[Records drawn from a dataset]

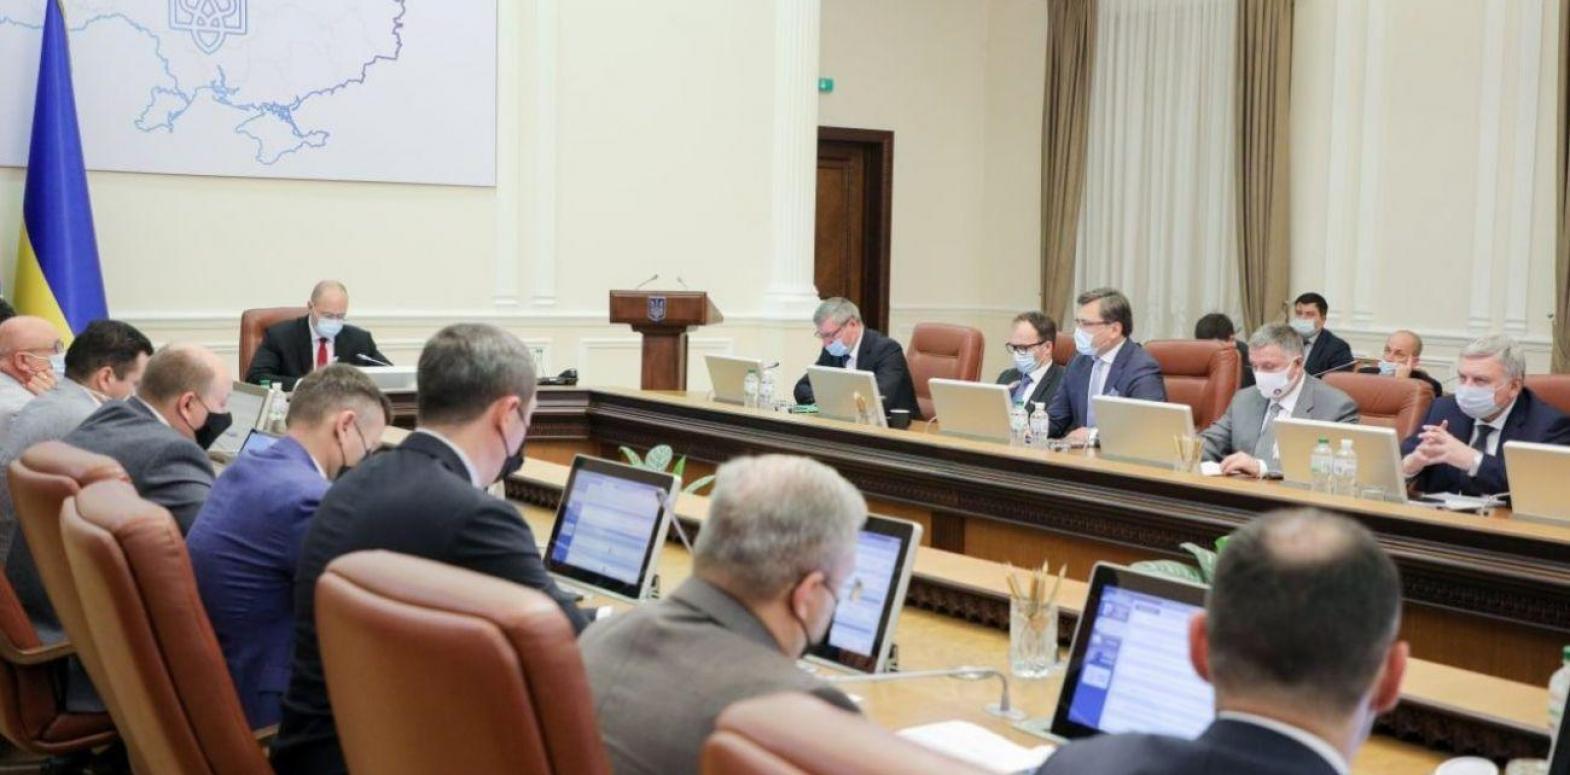 Украина расторгнет еще одно соглашение с СНГ в космической отрасли
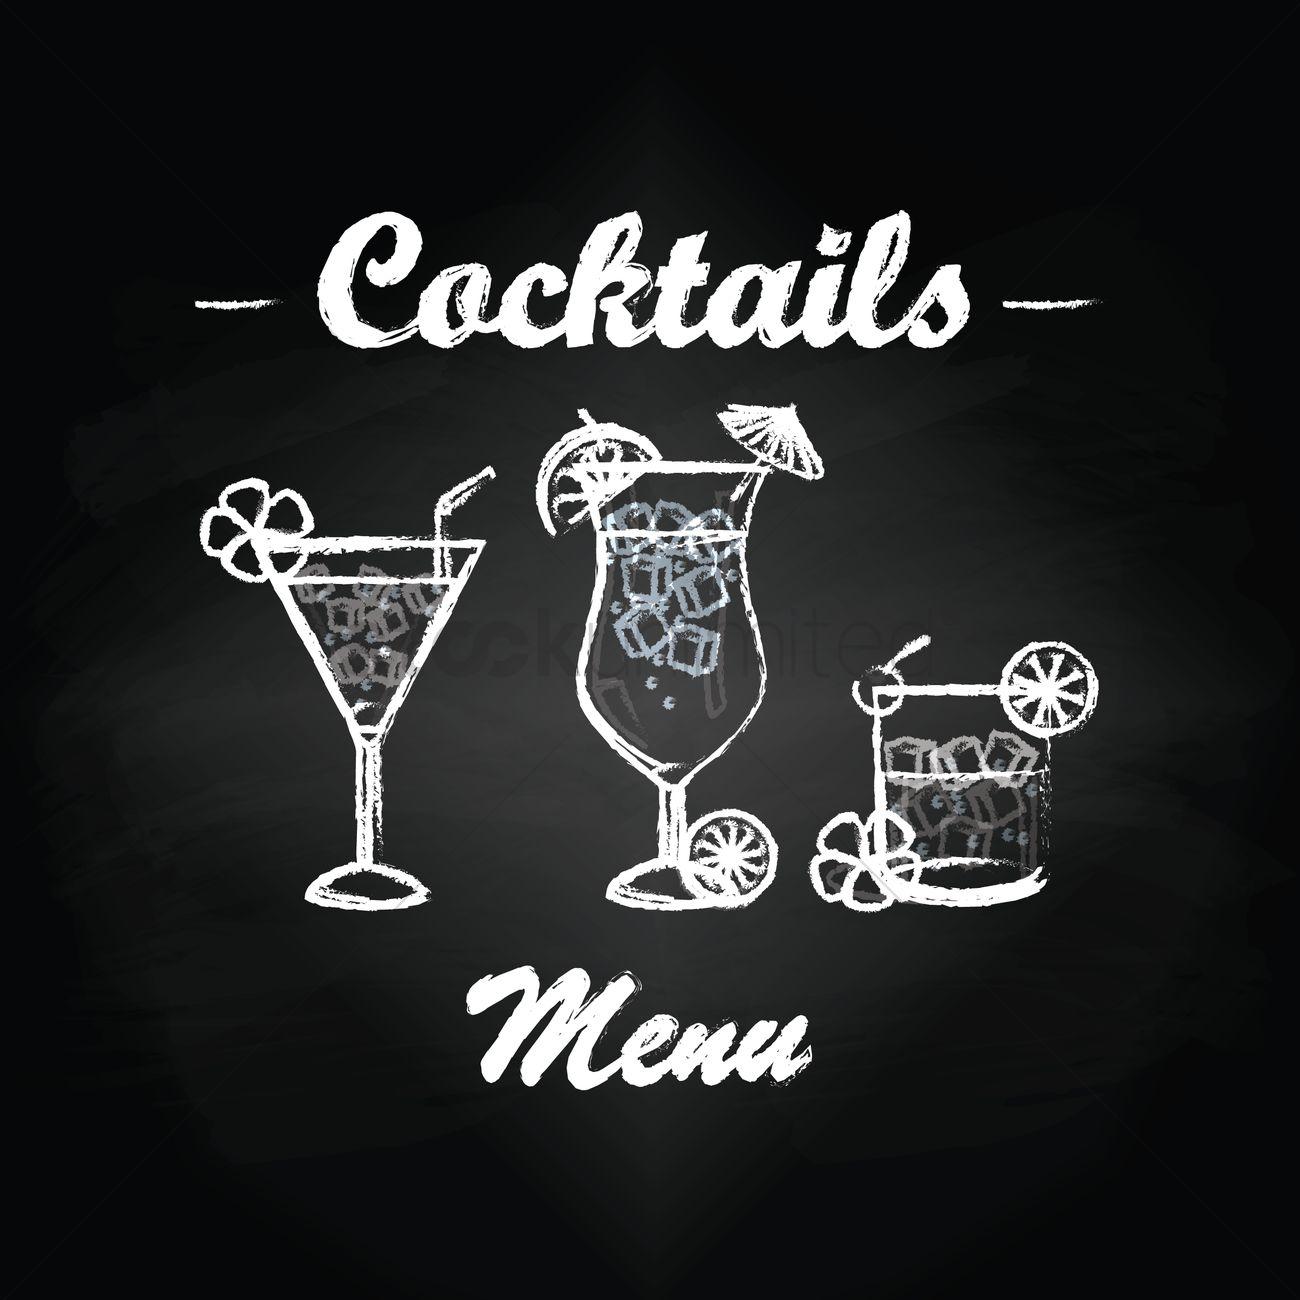 cocktails menu card design vector image 1798412 stockunlimited
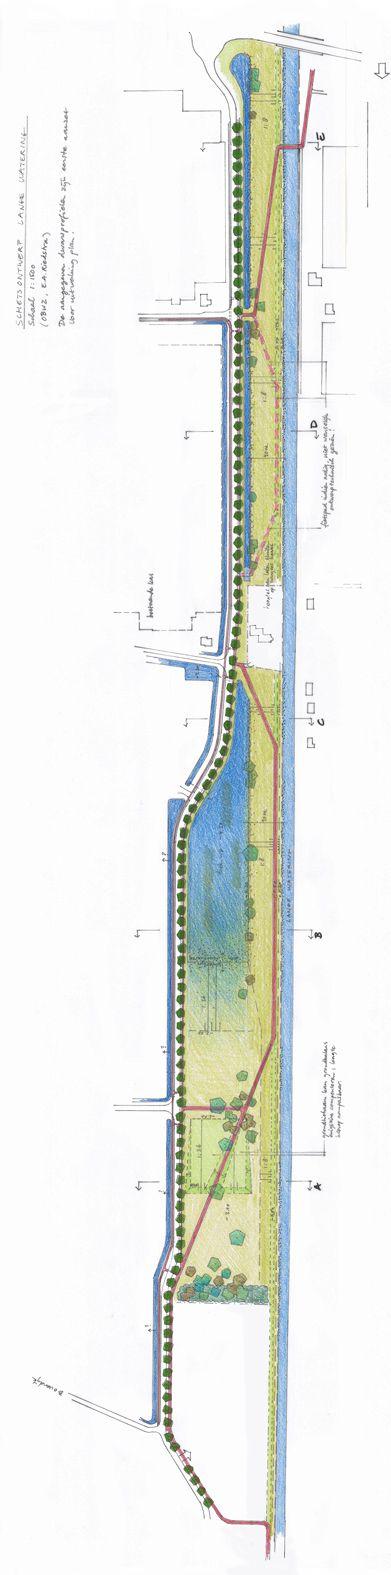 Ontwerp Lange Wateringzone; waterberging, ecologie, een nieuwe ontsluitingsweg langs een kassencomplex en een regionaal fietspad (van Midden-Delfland tot aan het strand van Kijkduin) zijn opgenomen in dit ontwerp van 2013. Uitgevoerd eind 2013.
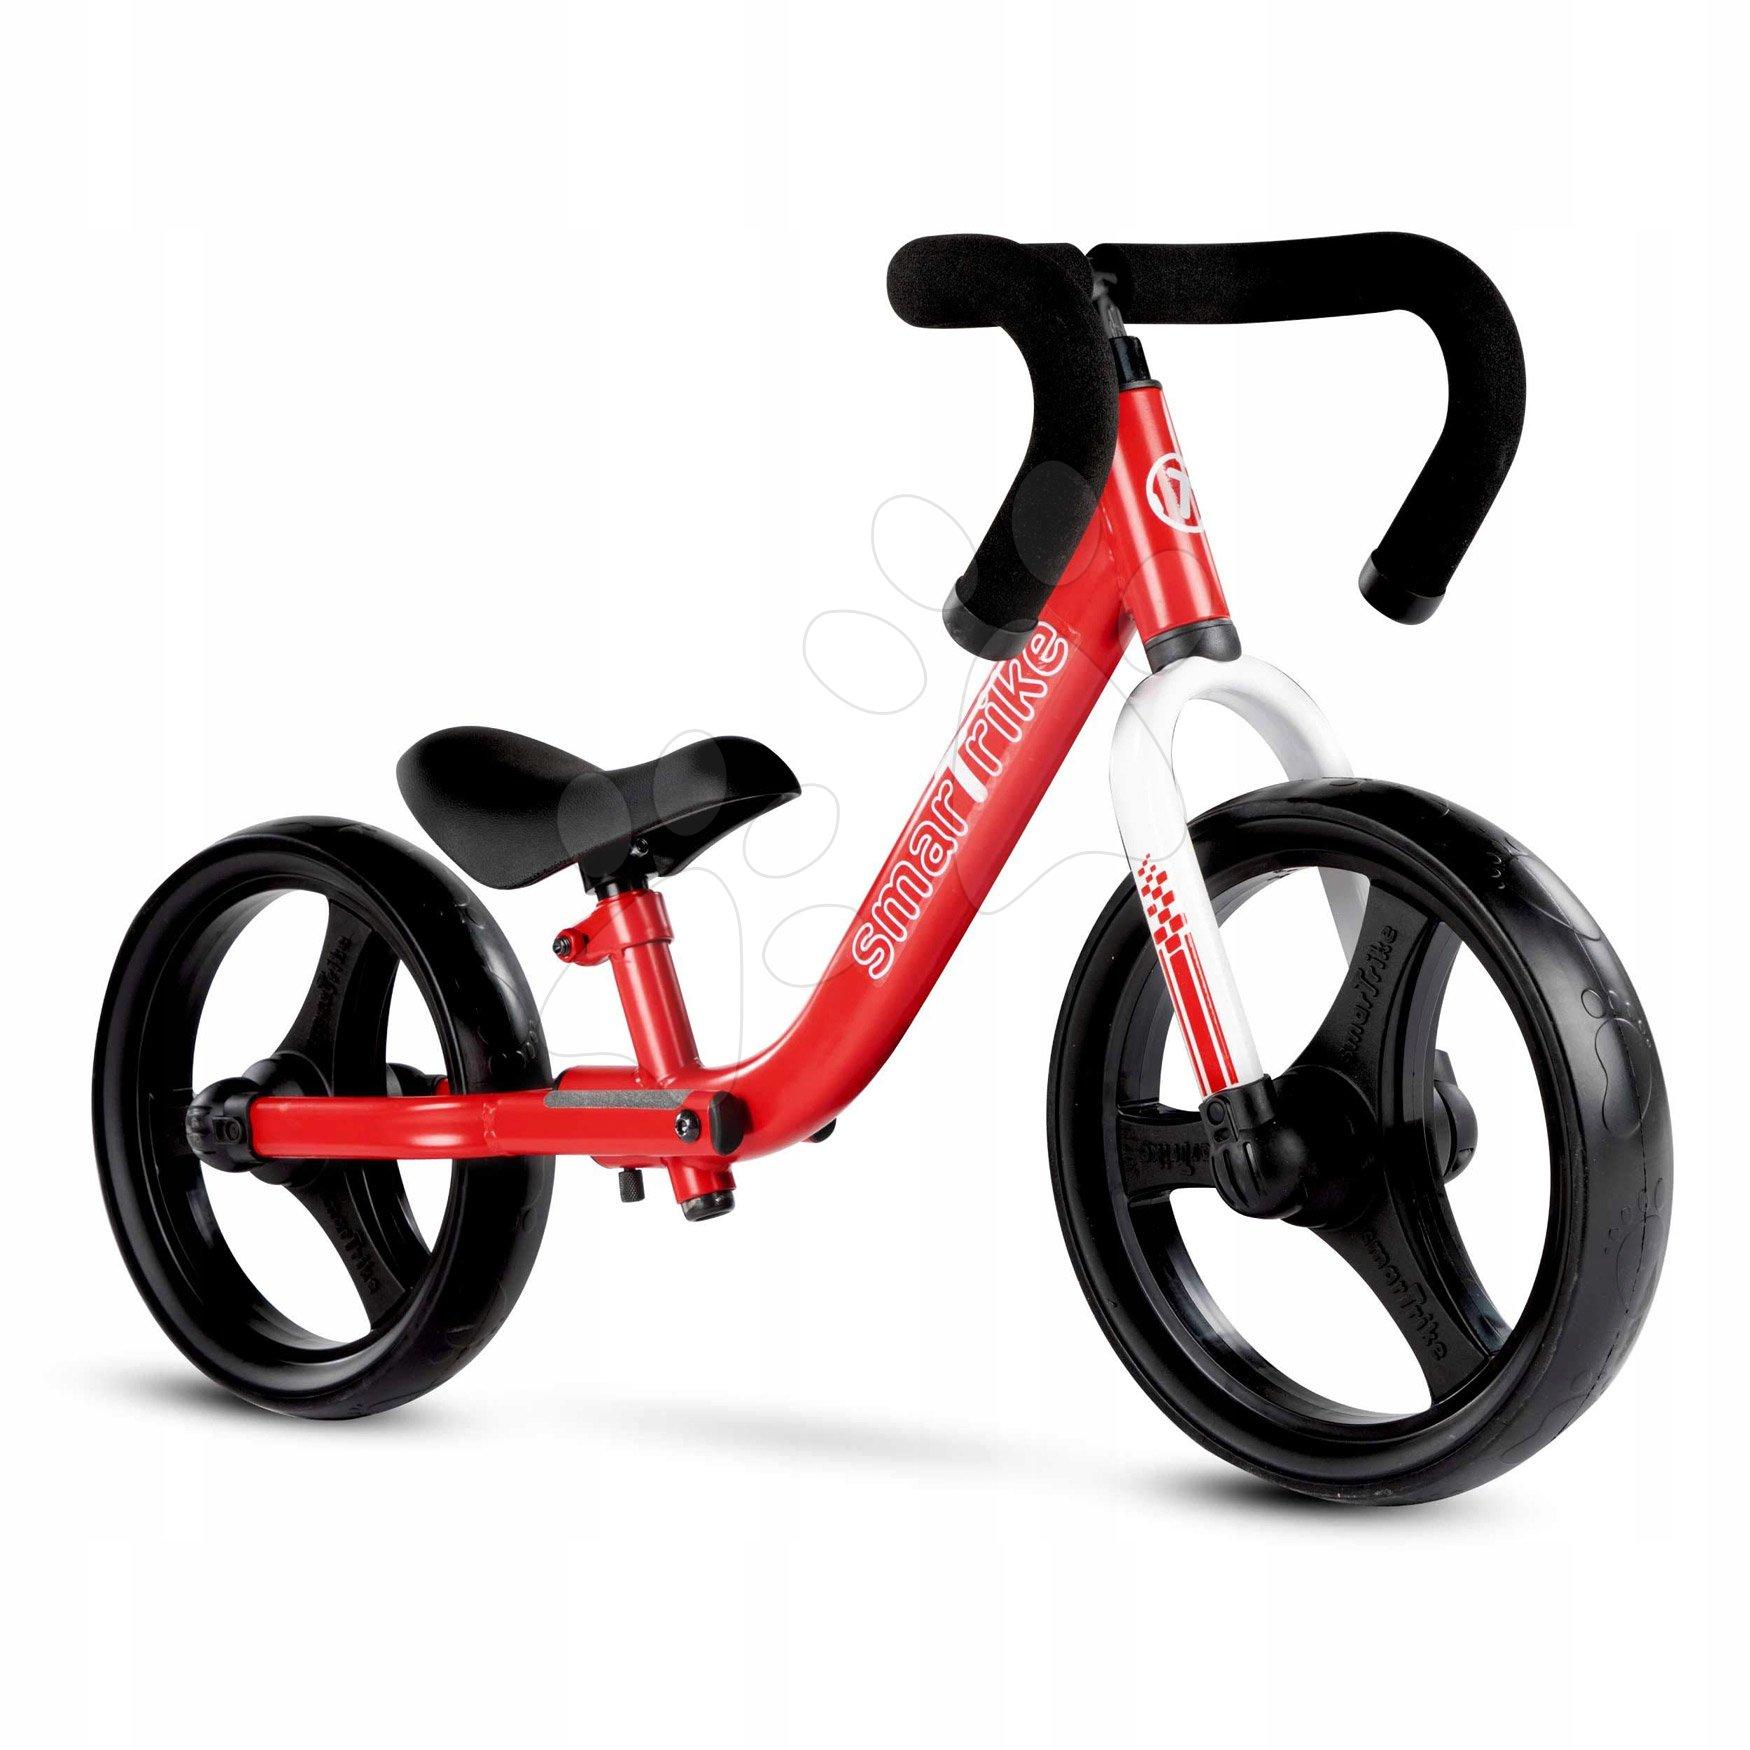 Balančné odrážadlo skladacie Folding Balance Bike Red smarTrike z hliníka s ergonomickými úchytmi od 2-5 rokov
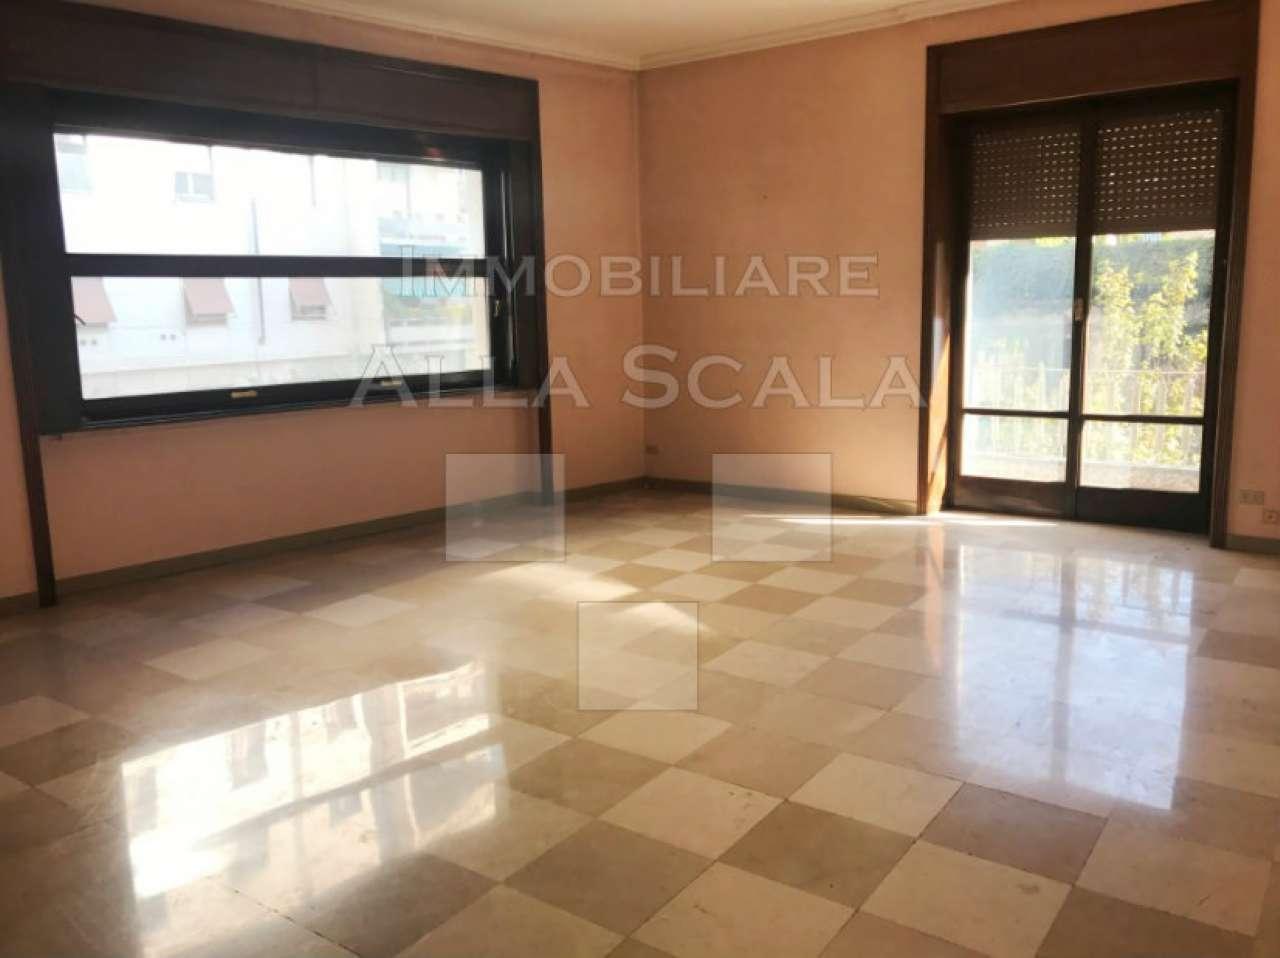 Appartamento in Vendita a Milano: 5 locali, 170 mq - Foto 6

**What to work on:**
Please retype exactly the lines from the line containing "cocktails menu card" through the final line of the records above, inclusive, leaving out any pictures.

**Result below:**
 cocktails menu card design vector image 1798412 stockunlimited
 Ontwerp Lange Wateringzone; waterberging, ecologie, een nieuwe ontsluitingsweg langs een kassencomplex en een regionaal fietspad (van Midden-Delfland tot aan het strand van Kijkduin) zijn opgenomen in dit ontwerp van 2013. Uitgevoerd eind 2013.
 Balančné odrážadlo skladacie Folding Balance Bike Red smarTrike z hliníka s ergonomickými úchytmi od 2-5 rokov
 Appartamento in Vendita a Milano: 5 locali, 170 mq - Foto 6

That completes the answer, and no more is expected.